> _Problem_
What you return must match the listing exactly, with every image removed.

(Beginning of Data section)

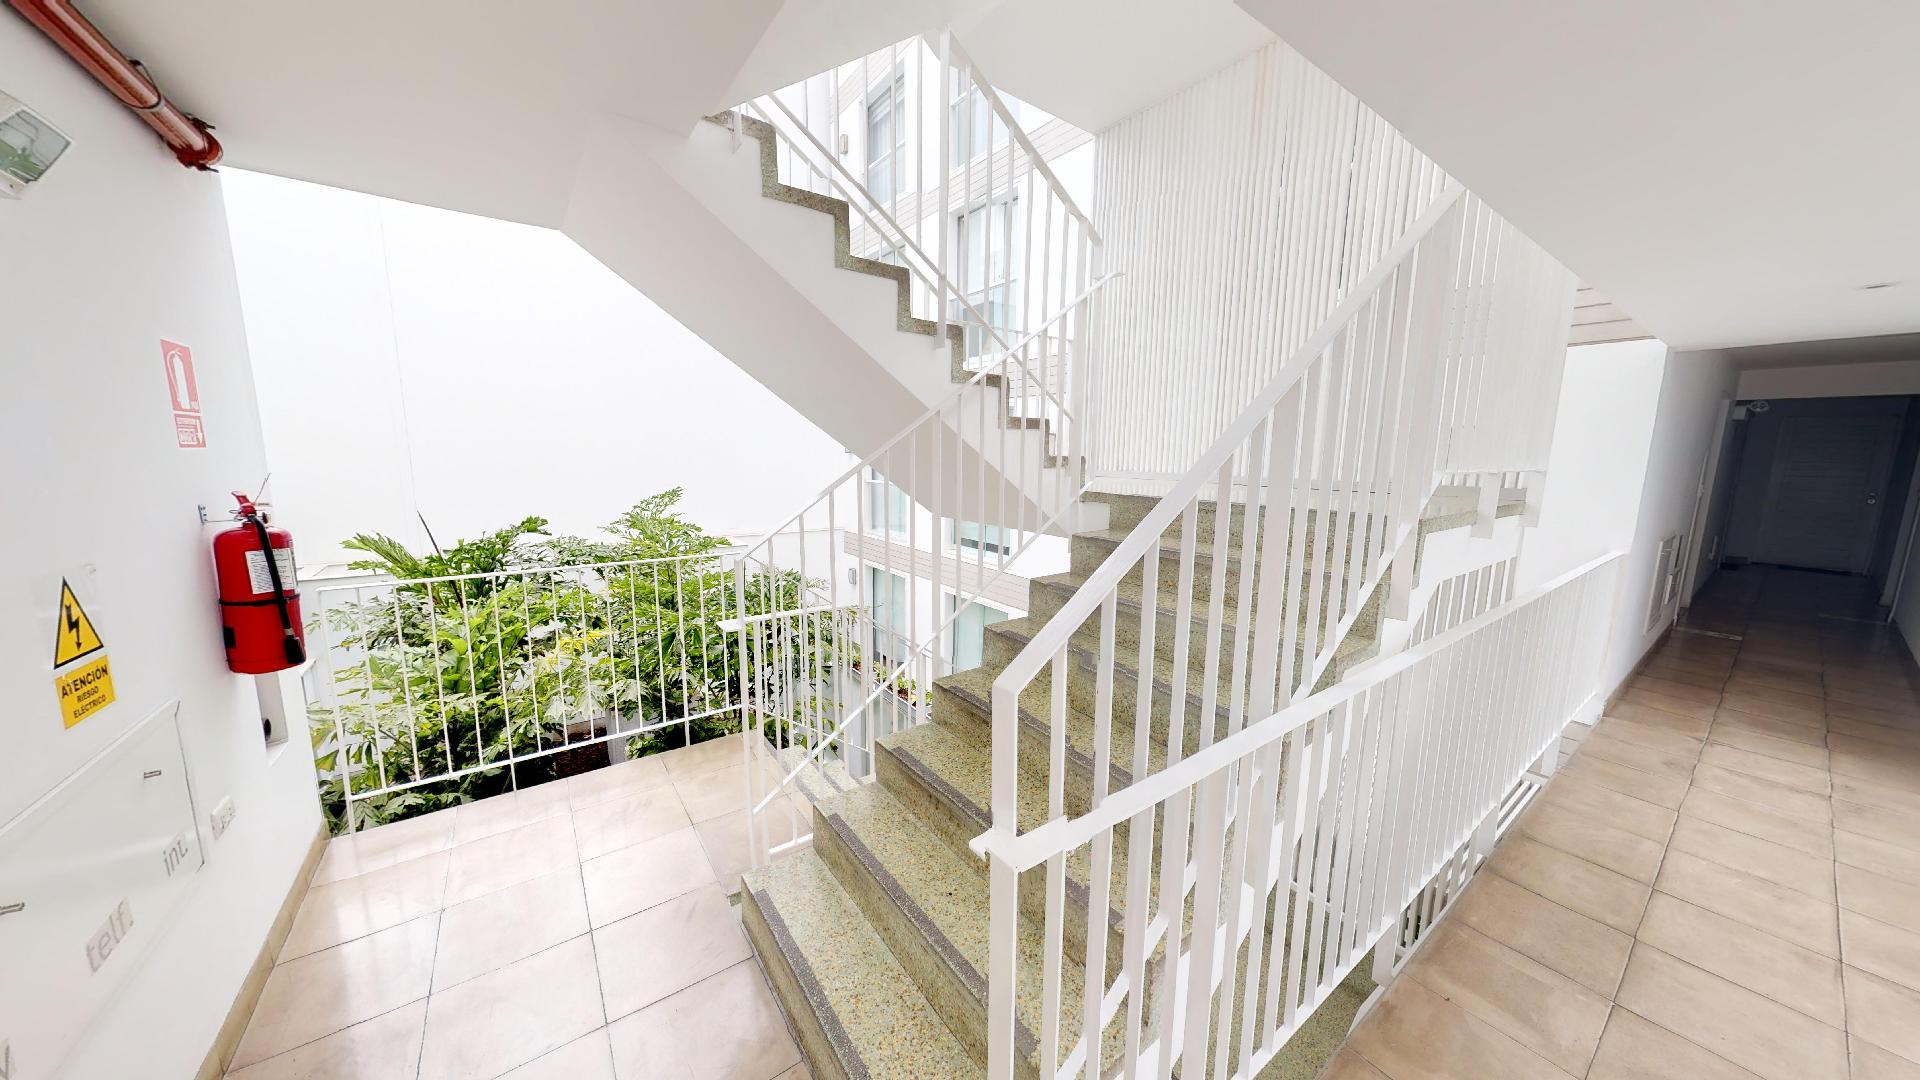 Escaleras del recorrido virtual de un hermoso departamento en Sáenz Peña, Barranco, Lima, Perú
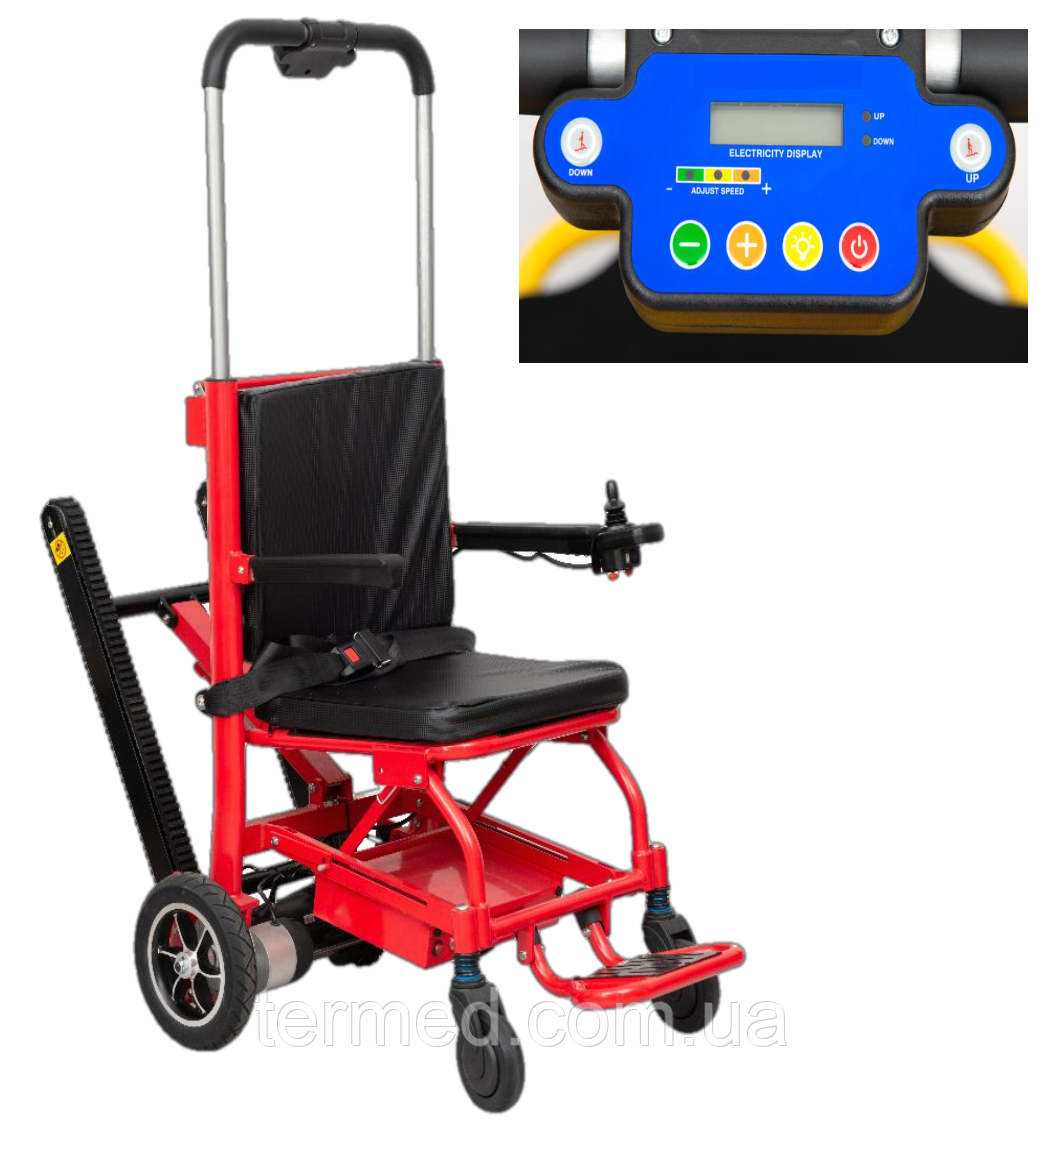 Сходовий електро підйомник-коляска для інвалідів MIRID SW02. Функція електровізка.
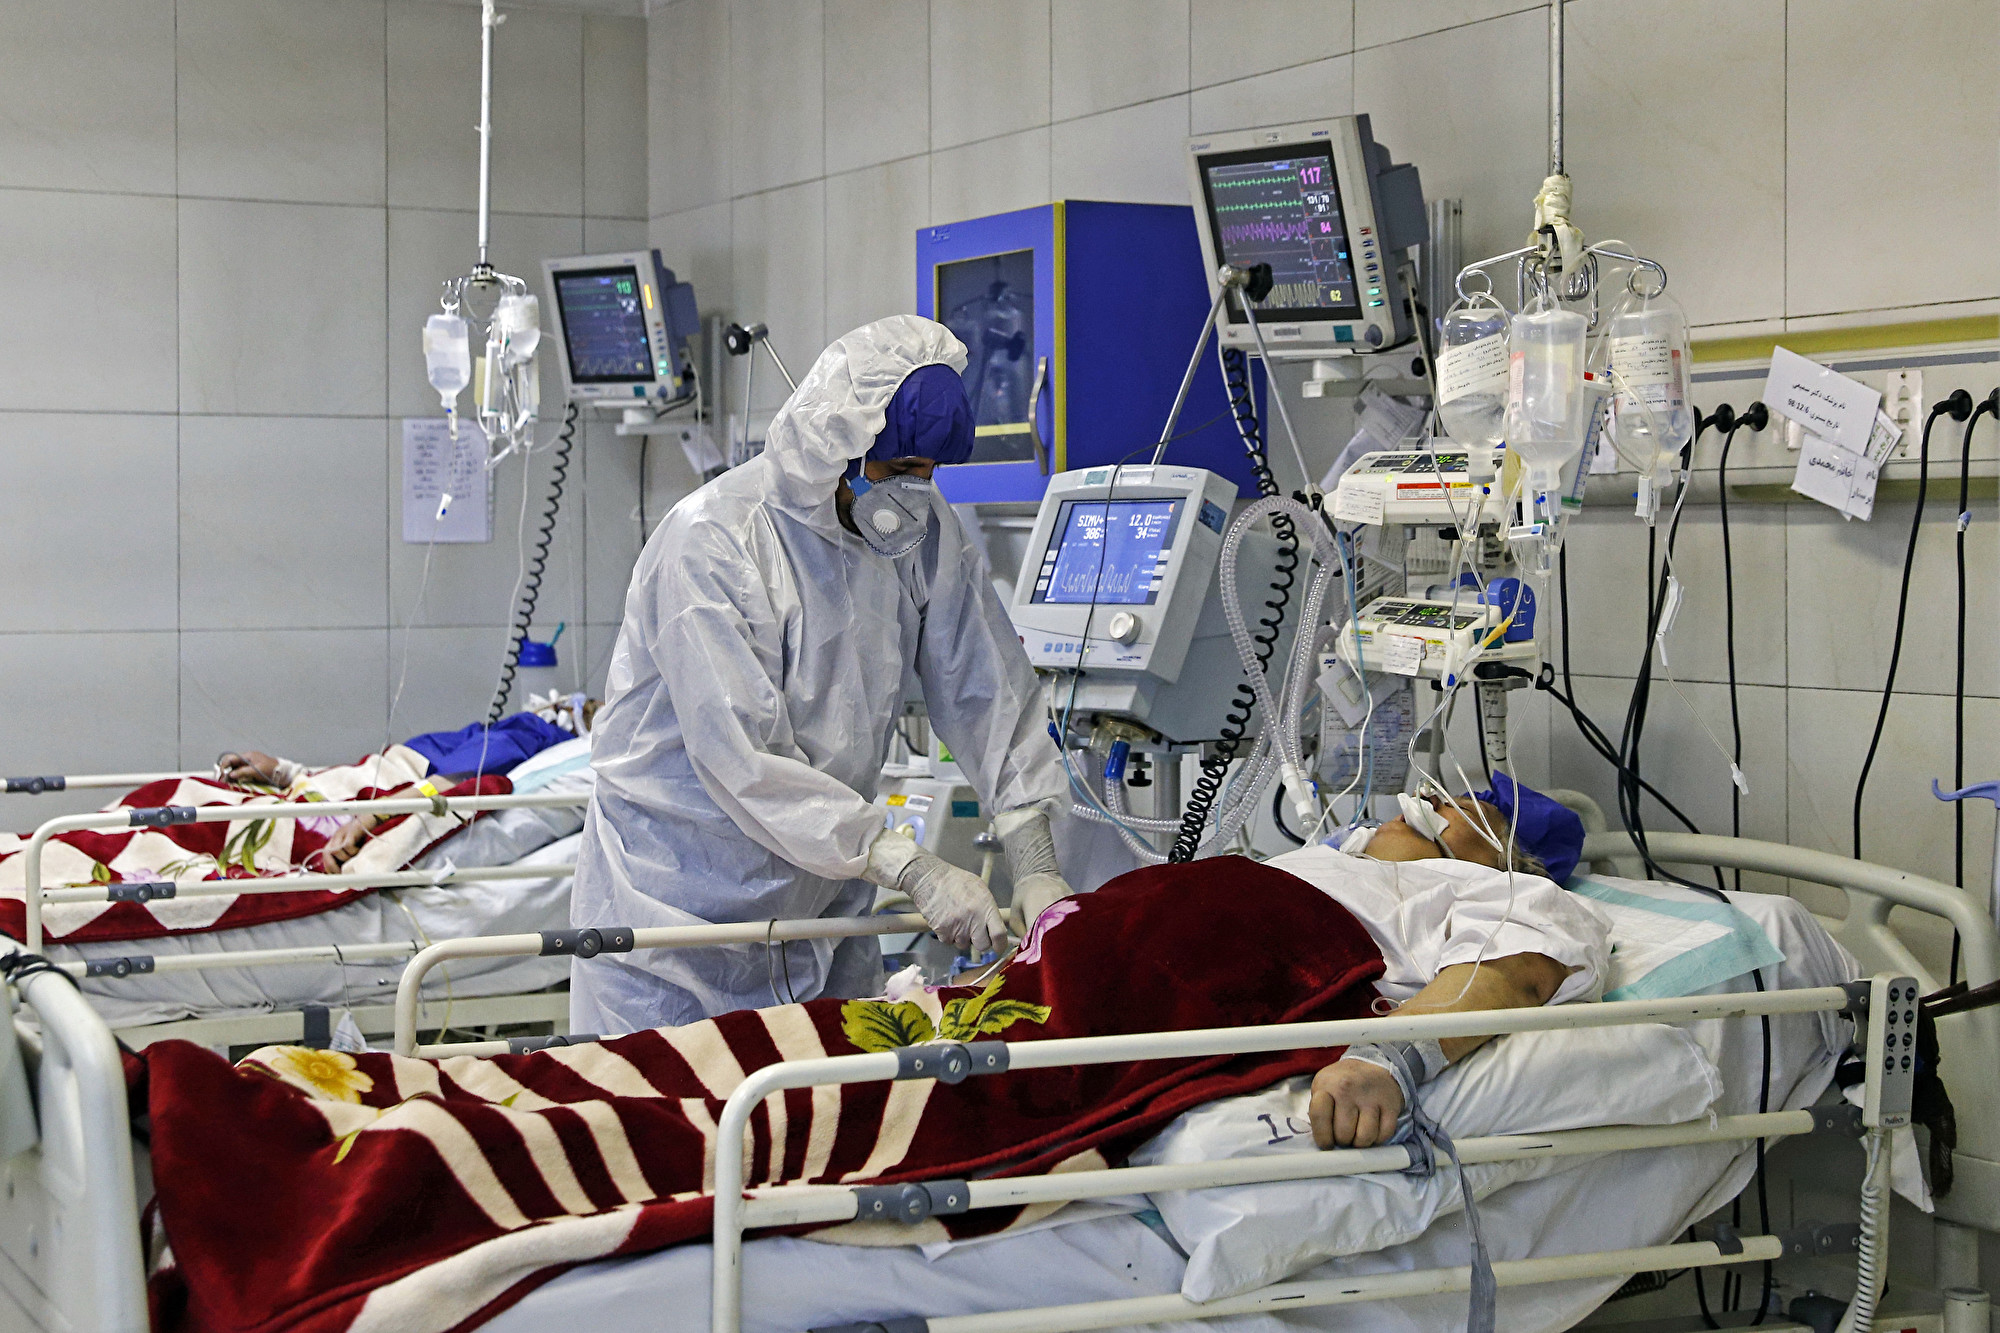 伊朗中共肺炎肆虐醫院床位緊缺 病毒在監獄蔓延

(End of Data section)

> _Written response_
 Escaleras del recorrido virtual de un hermoso departamento en Sáenz Peña, Barranco, Lima, Perú
 Сходовий електро підйомник-коляска для інвалідів MIRID SW02. Функція електровізка.
 伊朗中共肺炎肆虐醫院床位緊缺 病毒在監獄蔓延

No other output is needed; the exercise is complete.